Auf den angekündigten politischen Reformkurs folgten Veränderungen von bemerkenswertem Umfang und Tempo. Die neue Regierung setzte Sportunterricht für Frauen landesweit verbindlich durch, erlaubte Frauen Zugang zu Sportstadien, Kinos, zum Militärdienst und der Polizei. Erst im März 2018 sprach sich der Kronprinz dafür aus, dass saudische Frauen nicht den landestypischen schwarzen Umhang (Arabisch ʿabaya) tragen müssten, sondern „der“ Islam lediglich anständige und respektable Kleidung verlange. Es sei jeder Frau selbst überlassen zu entscheiden, was dies bedeute. Die Ankündigung, dass im Land herrschende Frauenfahrverbot ab Juni 2018 aufzuheben, ist der symbolische Höhepunkt des staatlichen Reformkurses. Seit dem ersten Auto Korso von Frauen 1990 in Riad hatten saudische Frauen in Protest ihrer Immobilität immer wieder das Steuer ergriffen. Bilder von saudischen Aktivistinnen hinter dem Steuer gingen in den sozialen Medien viral . Die Kritik des hohen religiösen Gelehrten, Salah al-Luhaidan (2013), Autofahren sei eine Gefahr für die Eierstöcke von Frauen, wurde zum Gespött der saudischen Nation.   

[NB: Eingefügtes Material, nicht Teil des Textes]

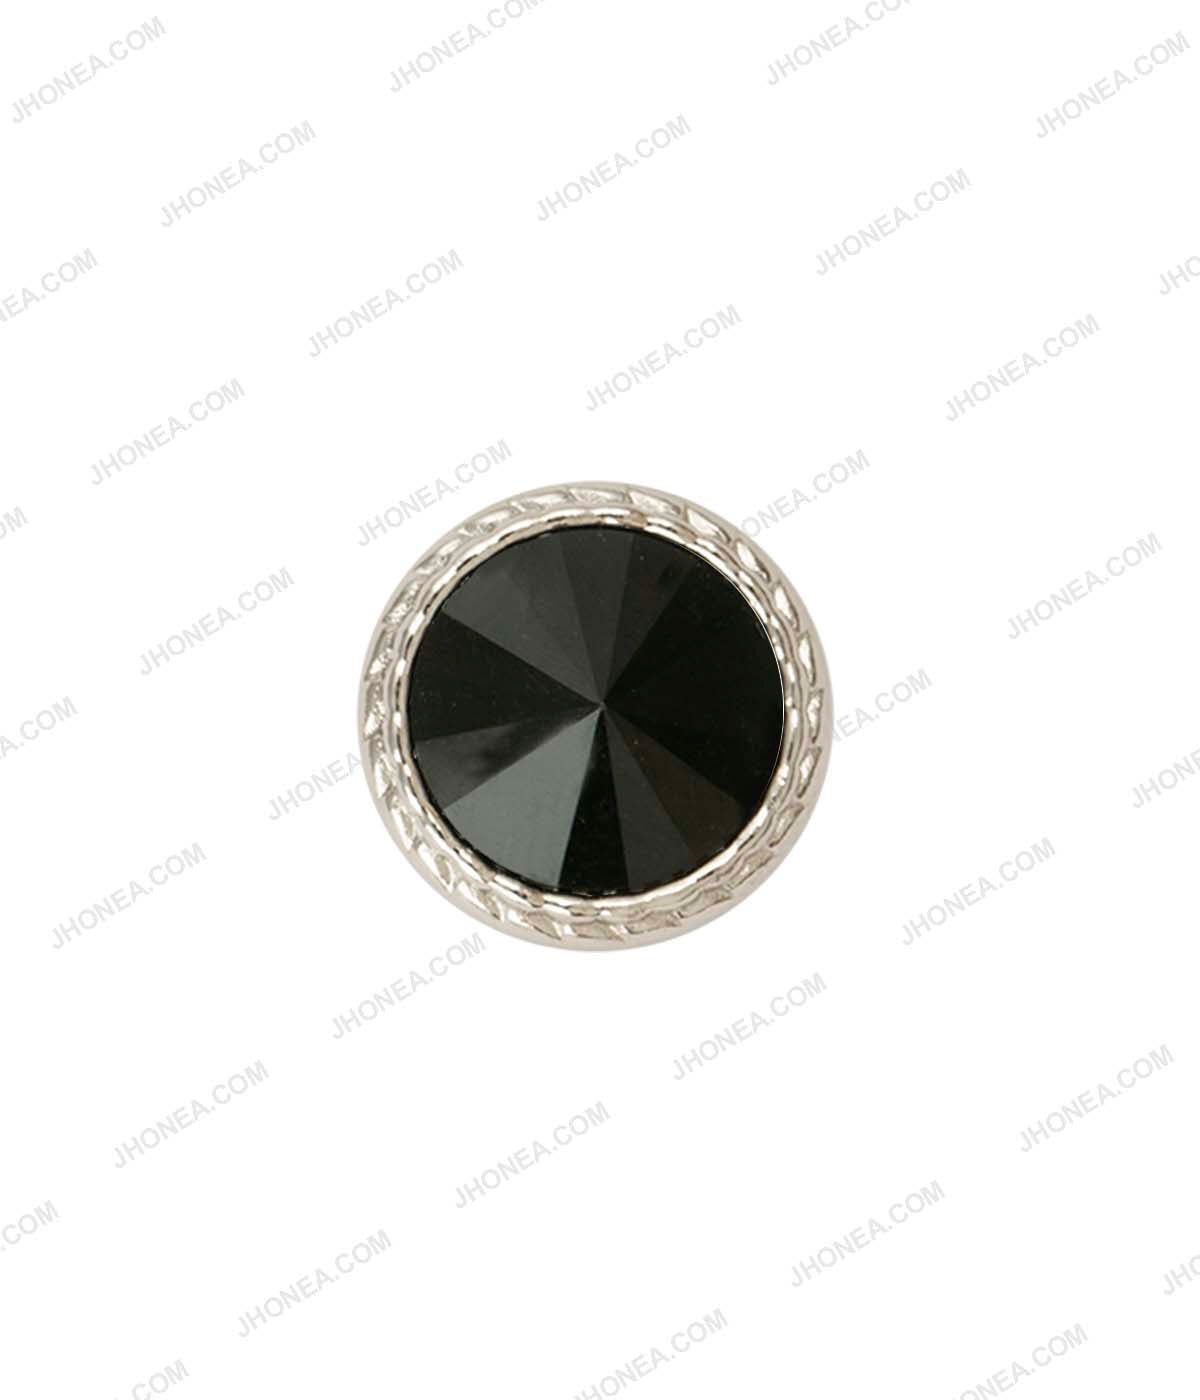 Shiny Silver with Emerald Green Round Cut Diamond Buttons
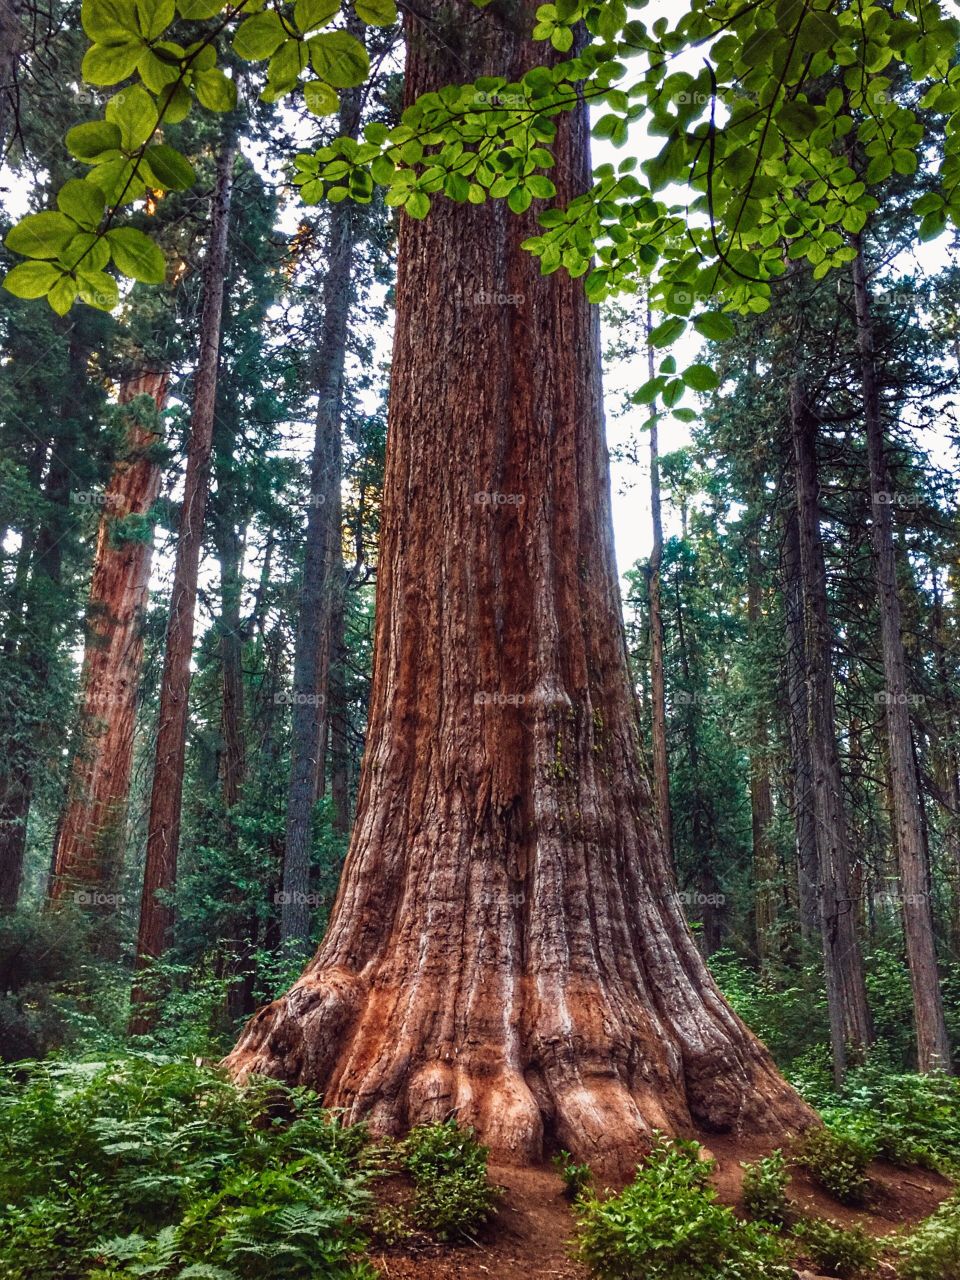 Giant redwood tree in the forest

Die schrittweise Entmachtung der religiösen Gelehrten unter König Salman deutet darauf hin, dass das Zweckbündnis zwischen Religion und Staat im 21. Jahrhundert eine der Wirtschaft untergeordnete Rolle spielt. Für viele Frauen in Saudi-Arabien dürfte diese Entwicklung in Zukunft einen großen Gewinn an Freiheit und Autonomie bedeuten. Aufbruch und Euphorie sollten jedoch nicht über die politisch repressive Haltung des Herrscherhauses hinwegtäuschen. Den Kritikern dieses Reformkurses droht Gefängnisstrafe.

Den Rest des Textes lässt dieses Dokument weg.